In recent years, with the difficulty in training problem of the deep neural network successfully solved by Hinton et al. [7,8], deep learning has widely concerned researchers, and has gradually been an upsurge in internet big data and artificial intelligence. The deep neural network is used to simulate the multi-layer structure of the human brain, abstract the original data layer by layer, and finally obtain the features suitable for classification. Today, deep learning has achieved great success in handwriting character recognition, speech recognition, and other fields, and it also provides a new idea for remote sensing image recognition technology. Presently, Hinton [9] used the DBN model to realize the road recognition of airborne remote sensing images. Wang et al. [10] used SAE to extract water from remote sensing images. Tang et al. [11] used a deep neural network for ship detection. Convolution neural networks have been widely used in remote sensing for scene classification [12], image segmentation [13] and target classification in SAR data [14], and recurrent neural network is utilized for learning land cover change [15]. Stacked Denoising Autoencoder (SDAE), an improved model of SAE, has made outstanding achievements in areas such as speech recognition [16] and other domains. Its excellent capacity for feature abstraction can be also utilized in remote sensing image classification so as to reach the higher accuracy just like it did in other domains. However, it has not been found that SDAE is used for relevant research of remote sensing classification.

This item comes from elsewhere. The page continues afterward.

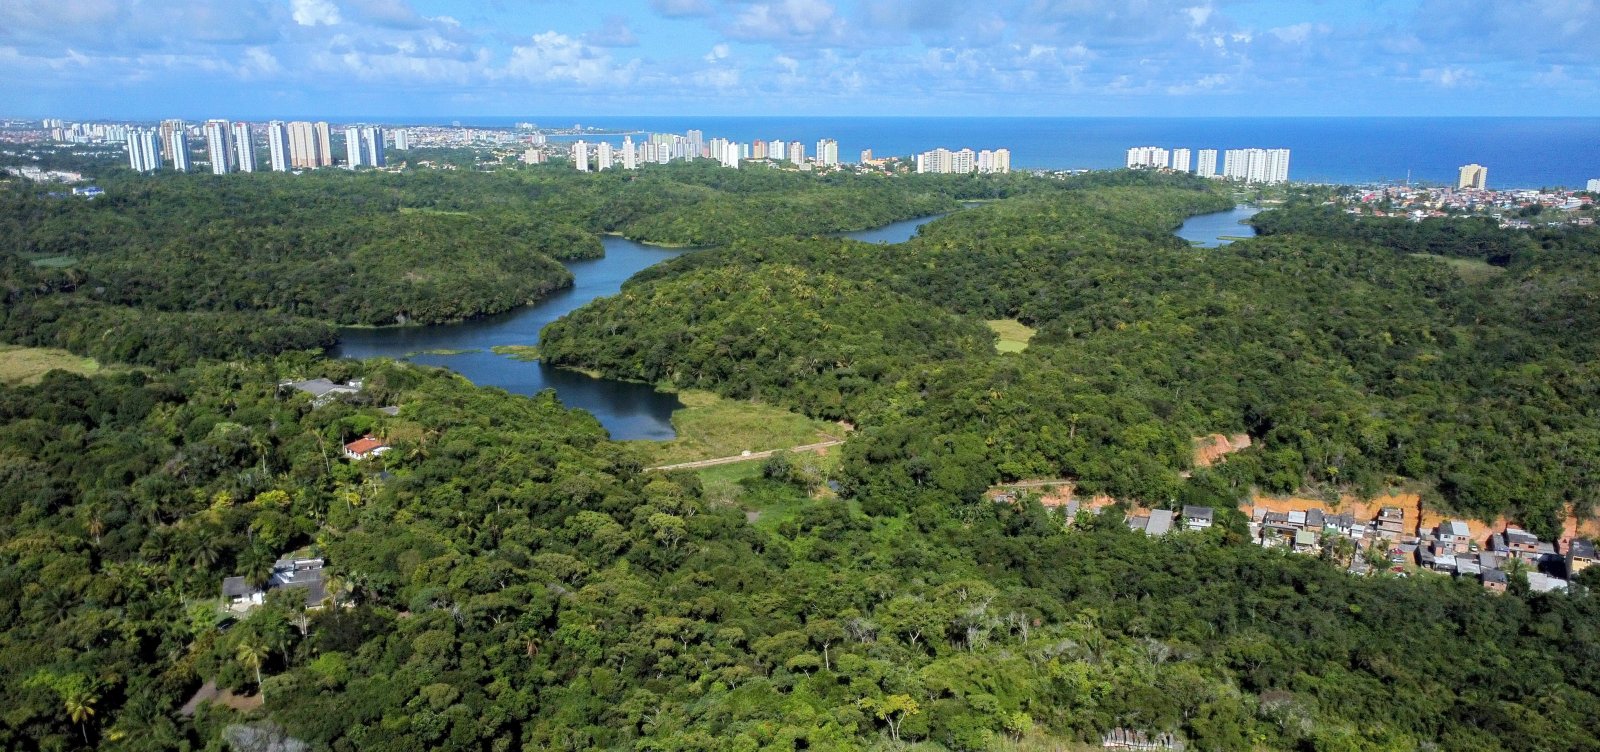 Reserva de resistência: Há 50 anos enfrentando especulação imobiliária, Parque de Pituaçu vai passar por revitalização

In this paper, a remote sensing image classification method based on SDAE is proposed and verified by GF-1 remote sensing data. The experiment results show that the proposed method can achieve better classification effect compared with SVM and BP neural network.

2. Stacked Denoising Autoencoder Model

Stacked Denoising Autoencoder was proposed by Pascal Vincent el al. in 2010 [17], the core idea of which is to add the noise through each layer of the encoder input to train and learn more robust feature expression. From the structural point of view, SDAE is composed of a multi-layer of unsupervised denoising autoencoder network and a layer of supervised BP neural network. Figure 1 is the schematic of SDAE.

The learning process of SDAE has two steps: unsupervised learning and supervised learning. First, unlabeled samples are used for denoising autoencoder’s greedy layer-wise training, in which raw data is used to feed the first layer of DAE for unsupervised training, and then the parameter

w^{(1)}

of the first hidden layer is obtained. In each subsequent step, the front

k - 1

trained layers as input are used to train the

k

th layer and obtain the parameter

w^{(k)}

. The weight from training of each layer is taken as the weight of the final deep network’s initialization. Second, BP neural network with labeled data is carried out for supervised learning. While getting parameters of the associated feature and category of the last layer, the parameters of the entire network are fine-tuned by error back propagation so that the parameters converge to the position that is in or near the global optimum.

2.1. Denoising Autoencoder

Autoencoder is a kind of unsupervised three-layer neural network [18], which consists of two parts of encoder and decoder, including an input layer, a hidden layer, and an output layer. The network structure is shown in Figure 2.

The role of the encoder is to map the input vector to the hidden layer and then get a new feature expression. The function is expressed as follows:

y = f (x) = s (W^{(1)} x + b^{(1)})

(1)

where

x \in R^{d \times 1}

is input vector,

d

is the dimension of the input data,

y \in R^{r \times 1}

,

r

is the number of hidden layer units,

W^{(1)} \in R^{r \times d}

is the input weight for the hidden layer, and

b^{(1)} \in R^{r \times 1}

is the input bias for the hidden layer. s is the activation function, which is usually non-linear. The commonly used activation functions are sigmoid function

s (x) = \frac{1}{1 + e^{- x}}

and tanh function

s (x) = \frac{e^{x} - e^{- x}}{e^{x} + e^{- x}}

.

The role of the decoder is to map the expression y of the hidden layer back to the original input. The function is expressed as follows:

x = g (y) = s (W^{(2)} y + b^{(2)})

(2)

where

W^{(2)} \in R^{d \times r}

,

b^{(2)} \in R^{d \times 1}

. Thus, the reconstruction error for each data is

L = {‖ x - g (f (x)) ‖}^{2}

(3)

Define the cost function as

J (W, b) = [\frac{1}{N} \sum_{i = 1}^{N} (\frac{1}{2} {‖ x^{(i)} - g (f (x^{(i)})) ‖}^{2})] + \frac{λ}{2} \sum_{l = 1}^{2} \sum_{i = 1}^{S_{l}} \sum_{j = 1}^{S_{l + 1}} {(W_{j i}^{(l)})}^{2}

(4)

where

x^{(i)}

is the

i th

sample,

W_{j i}^{(l)}

is connection weight between the

i th

unit of the

l th

layer and the

j th

unit of the

(l + 1) th

layer,

N

is the number of samples, and

S_{l}

is the number of units in the

l th

layer.

The optimal solution

W

and

b

of the model can be obtained by the error back propagation and the batch gradient descent algorithm.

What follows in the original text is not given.